As illustrated recently in [7], the use of the non-lattice approach for improving the quality of an ontology consists of the following general steps:

Identify node-pairs that violate the lattice property (i.e. non-lattice pairs) and extract the associated non-lattice fragments;
Detect ontological defects such as miss-aligned is-a relations or missing concepts in the extracted non-lattice fragments, often leveraging additional or external information;
Formulate and generate change suggestions automatically and present the suggestions in a usable format;
Perform reviews of the suggested changes and accept or reject such suggestions by a qualified ontology engineer or ontology editor, and incorporate the accepted changes into the next release.

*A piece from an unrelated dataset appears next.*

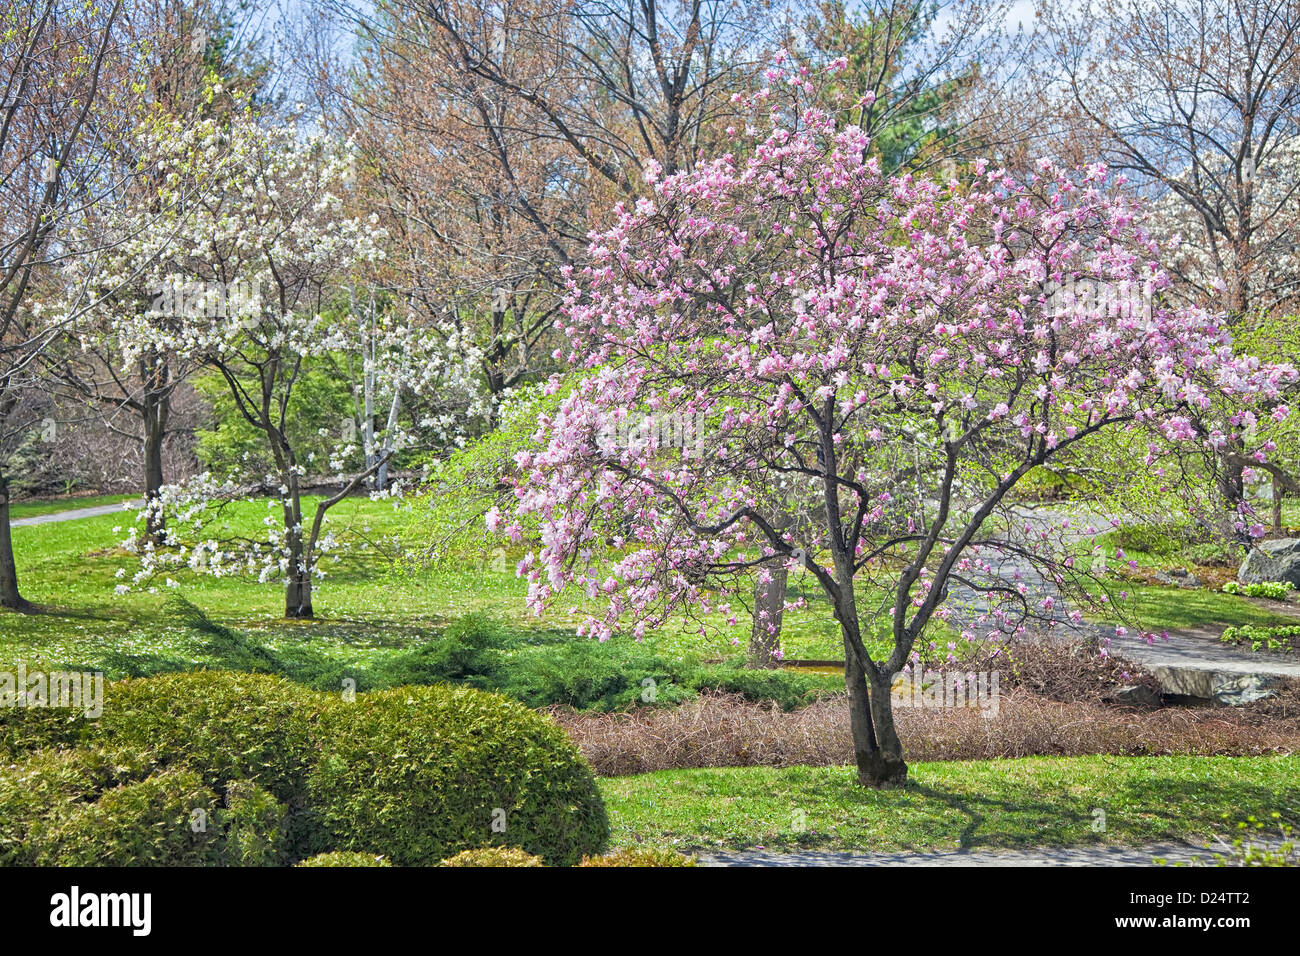 View of spring flowers in the Montreal Botanical Gardens, Montreal, Quebec. Stock Photo

The non-lattice approach is unique in that while most ontology quality assurance techniques [8] merely identify potential errors, this approach can not only identify previously undiscovered errors confirmed by domain experts, but also suggest appropriate remediation (i.e., “auto-suggestion”) [7, 9]. For example, Figure 1 (top), extracted from the September 2017 release of SNOMED CT (US edition), contains a substructure (1A) of is-a relations on the left, involving 5 concepts. This is a non-lattice fragment, because the concept nodes labeled 1 and 2 have two maximal shared descendants: concept nodes labeled 4 and 5. With a combination of structural and lexical information represented in this fragment, one can infer that “Epithelioid hemangioendothelioma of lung” is-a “Malignant tumor of lung parenchyma.” Remarkably, adding such a missing edge (in red color) also makes the resulting subgraph (1B) conforming to the lattice property: concept nodes labeled 1 and 2 now have a unique maximal shared descendant: concept nodes labeled 4 (since concept 5 is no longer “maximal”). Similarly, the lower part of Figure 1 shows a non-lattice fragment (2A) in the Gene Ontology (GO) on the left, and the corrected structure (2B) on the right.

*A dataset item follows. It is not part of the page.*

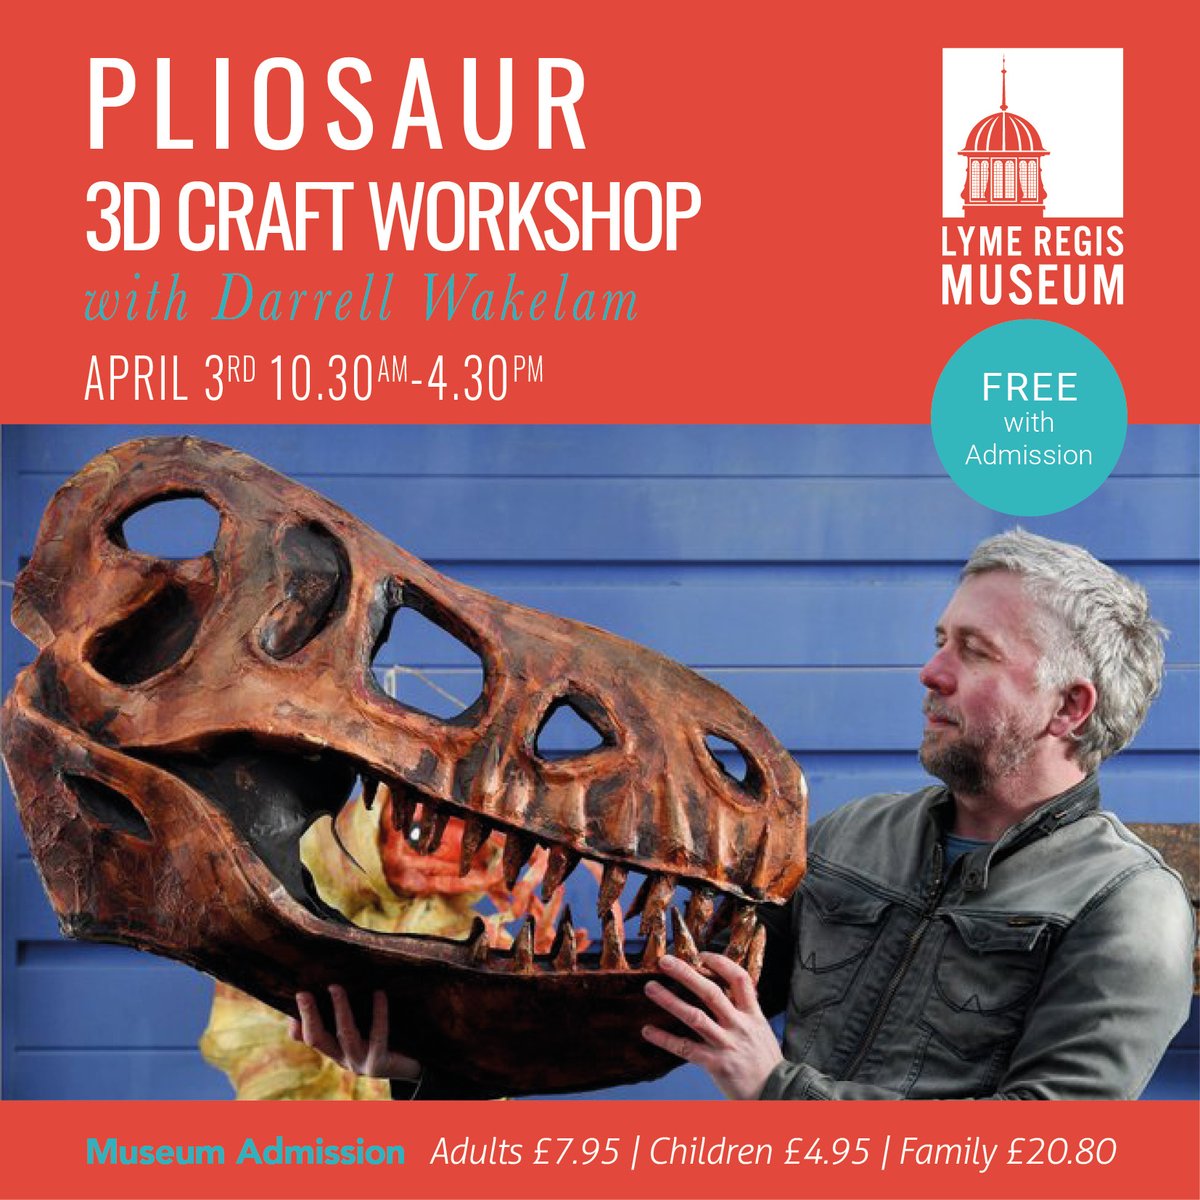 Looking for some Easter Holiday crafting fun? Join Cardboard King, @DarrellWakelam, in his drop-in session at the Museum on 3rd April, 3D modelling giant pliosaur jaws! Be part of this collaborative piece of art which will take shape over the course of the day. All ages welcome!

An example (1A) of non-lattice fragment of size 5 in SNOMED CT, as well as the resulting lattice subgraph (2B) after a missing IS-A relation is added (red link). Similarly, (2A) is a non-lattice fragment of size 5 in GO and (2B) is the correction.

Both the FCA- and the non-lattice-based approaches incur computational costs that sometimes make exhaustive analyses prohibitive. For example, in Jiang and Chute’s work [4], only 10% of SNOMED CT sub-hierarchies were sampled in order to assess semantic completeness. Three months of sequential computation ([5]) or three hours of 25-node parallel processing ([6]) were required to detect non-lattice pairs for each version of SNOMED CT. The detection of non-lattice pairs is a fundamental step for non-lattice-based approach for ontology quality assurance. The non-lattice pairs serve as seeds for systematic generation of non-lattice fragments, but including all nodes in-between the seed nodes and the maximal shared descendants. Therefore, more efficient algorithms for detection of non-lattice pairs is highly desirable.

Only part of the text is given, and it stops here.